Super computers are already focused on "embarrassingly parallel" problems. Otherwise 300,000 cores is not going to do much for you anyway. However, I agree that interconnect speed would be a major issue for many supper computer workloads. Yet, I suspect if you had access to a 10+million$ supercomputer built using 1million GPU cores plenty of people would love to work with such a beast.
No, these are not just racks and racks of individual machines. It presents the programmer with a single system image - it "looks" like one huge expanse of memory.

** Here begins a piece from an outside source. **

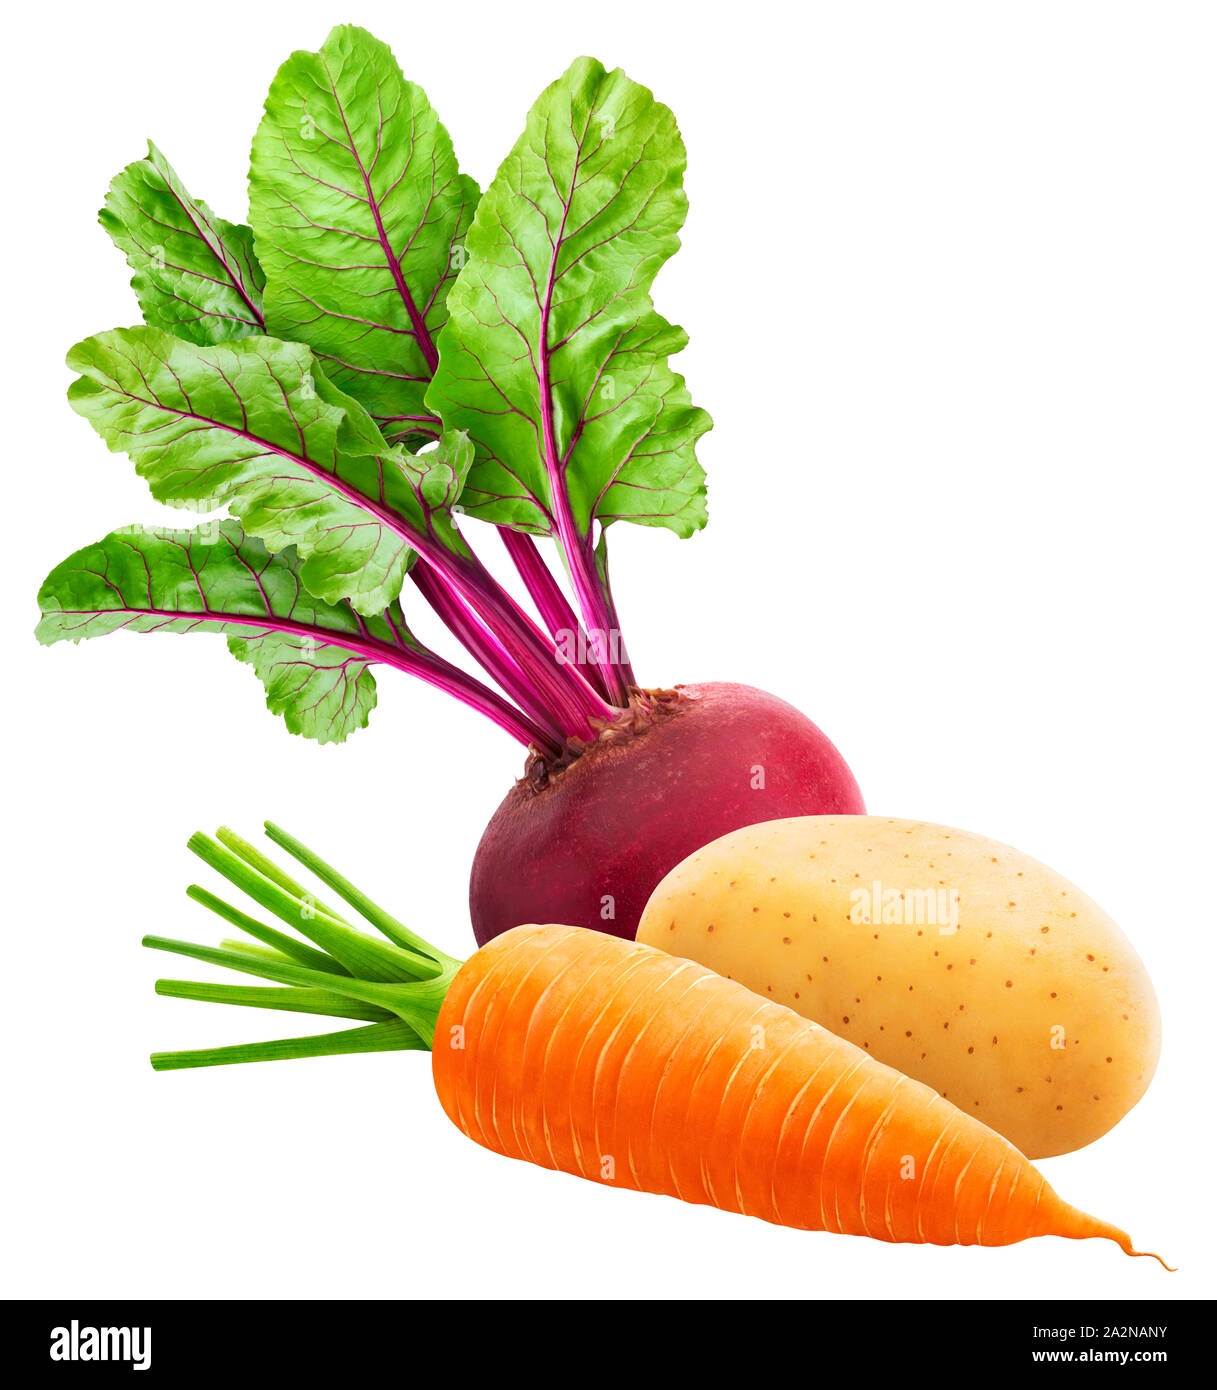 https://c8.alamy.com/comp/2A2NANY/fresh-vegetables-heap-of-whole-carrot-potato-and-beetroot-isolated-on-white-background-2A2NANY.jpg

We have a Blue Gene at Argonne, it's not SSI. It is however not designed for embarrasingly parallel workloads, you use libraries like MPI to run tightly coupled message passing applications (which are very sensitive to latency). You can, and people have, run many-task type applications too.
The basic speed of light limitation means that accessing distant nodes is going to have high latency even if there is reasonable bandwidth. Ignoring that is a bad idea from an efficiency standpoint. And, unlike PC programming the cost of the machine makes people far more focused on optimizing their code for the architecture than abstracting the architecture to help the developer out.
It take care of it to some extent, but you still have to be aware of it as the programmer. MPI and associated infrastructure are set up such that they'll pick the right nodes to keep the network topology and your code's topology well matched. But you have to do your best as a programmer to hide the latency by spending that time doing other things.